The purpose of this study was to analyze the dose delivery and toxicity of weekly cisplatin versus high-dose cisplatin given every 3 weeks in a tertiary oncology clinic.
From January 2000 to July 2009, patients with biopsy-proven nasopharyngeal carcinoma receiving concurrent cisplatin with curative-intent radiation therapy (RT) were included. Before 2005, most patients received cisplatin (Q3) (100 mg/m2 intravenously days 1, 22, and 43 of RT) and 3-dimensional conformal RT (66 Gy, 33 fractions). After 2005, most patients received weekly cisplatin (Q1) (40 mg/m2 intravenously weekly for 7 wk of RT) and intensity-modulated radiotherapy (70 Gy, 35 fractions).

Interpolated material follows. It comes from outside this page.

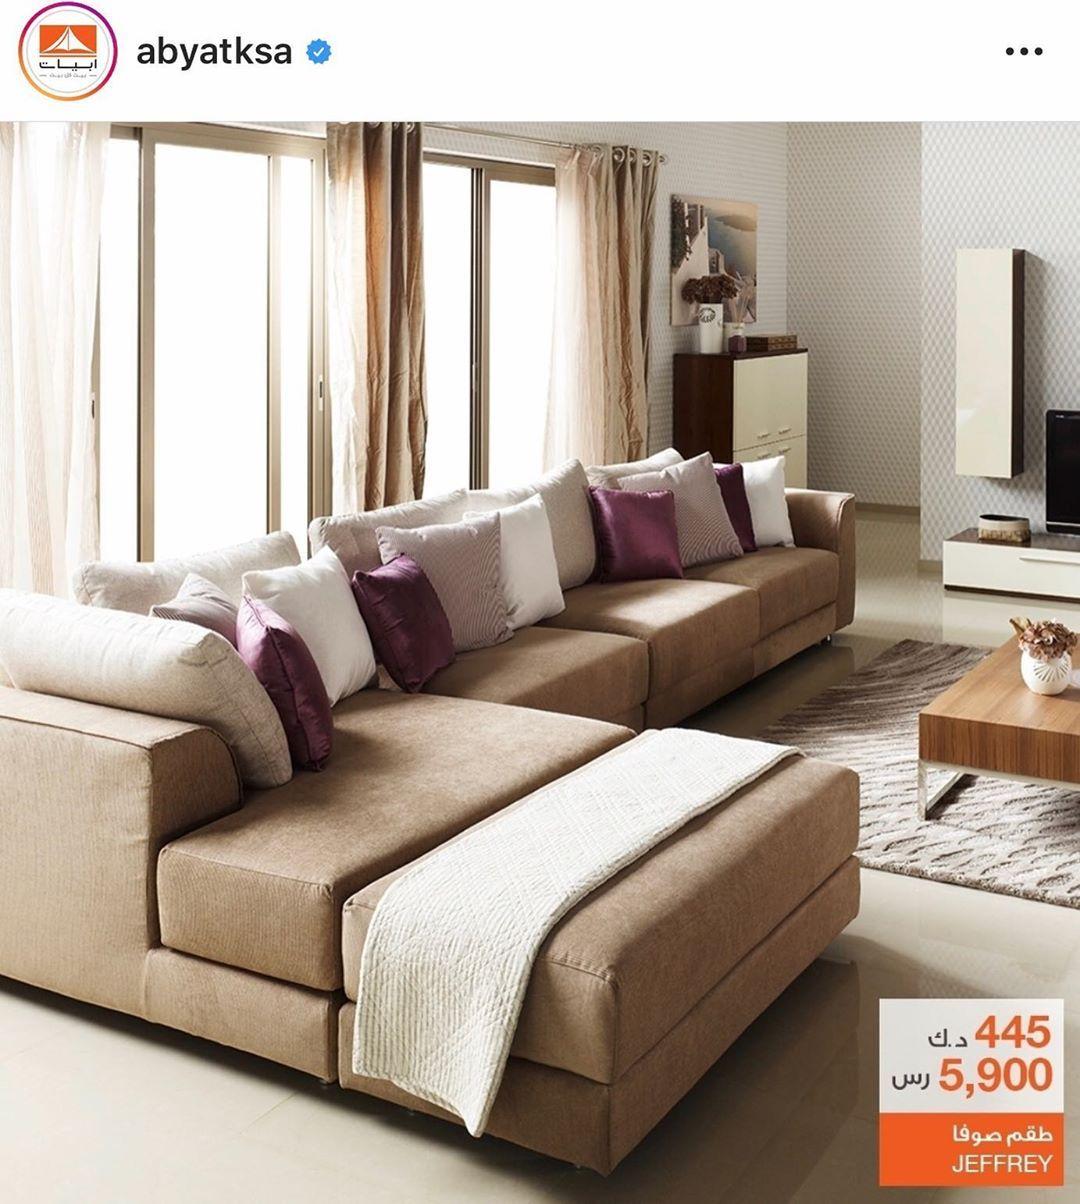 شراء مزاد منتج Furniture معارض كنب مطاعم سلعة الرقي السعوديات للبيع بضاعة فلل يوم الجمعة تجاري مدا Comfy Living Room Furniture Living Room Sofa

Seventy-three patients were analyzed: 45 for Q1 and 28 for Q3. Cumulative doses ≥200 mg/m2 were achieved in 80% of Q1 and 86% of Q3 patients, respectively. Dose reduction due to toxicity was required in 2/45 (4%) of Q1 patients compared with 11/28 (39%) of Q3 patients (P=0.0003). Toxicities in Q1 and Q3 patients included: hospitalization for acute toxicity in 20% and 35.7%; mean weight loss 10.85% and 8.75%; percutaneous endoscopic gastrostomy tube placement in 25.6% and 29.6%; and grade 3 dehydration in 11.1% and 17.9%, respectively. Median follow-up time was 3 years for Q1 and 6 years for Q3 patients. Median disease-free survival was 46 months for the Q1 group and 53 months for the Q3 group (P=0.667). There was no difference in overall survival between Q1 and Q3.
In this series, weekly 40 mg/m2 cisplatin and 3-weekly 100 mg/m2 cisplatin showed similar deliverability, toxicity profiles, and outcomes. At our center, weekly cisplatin is standard of care for patients with locally advanced nasopharyngeal carcinoma undergoing chemoradiotherapy.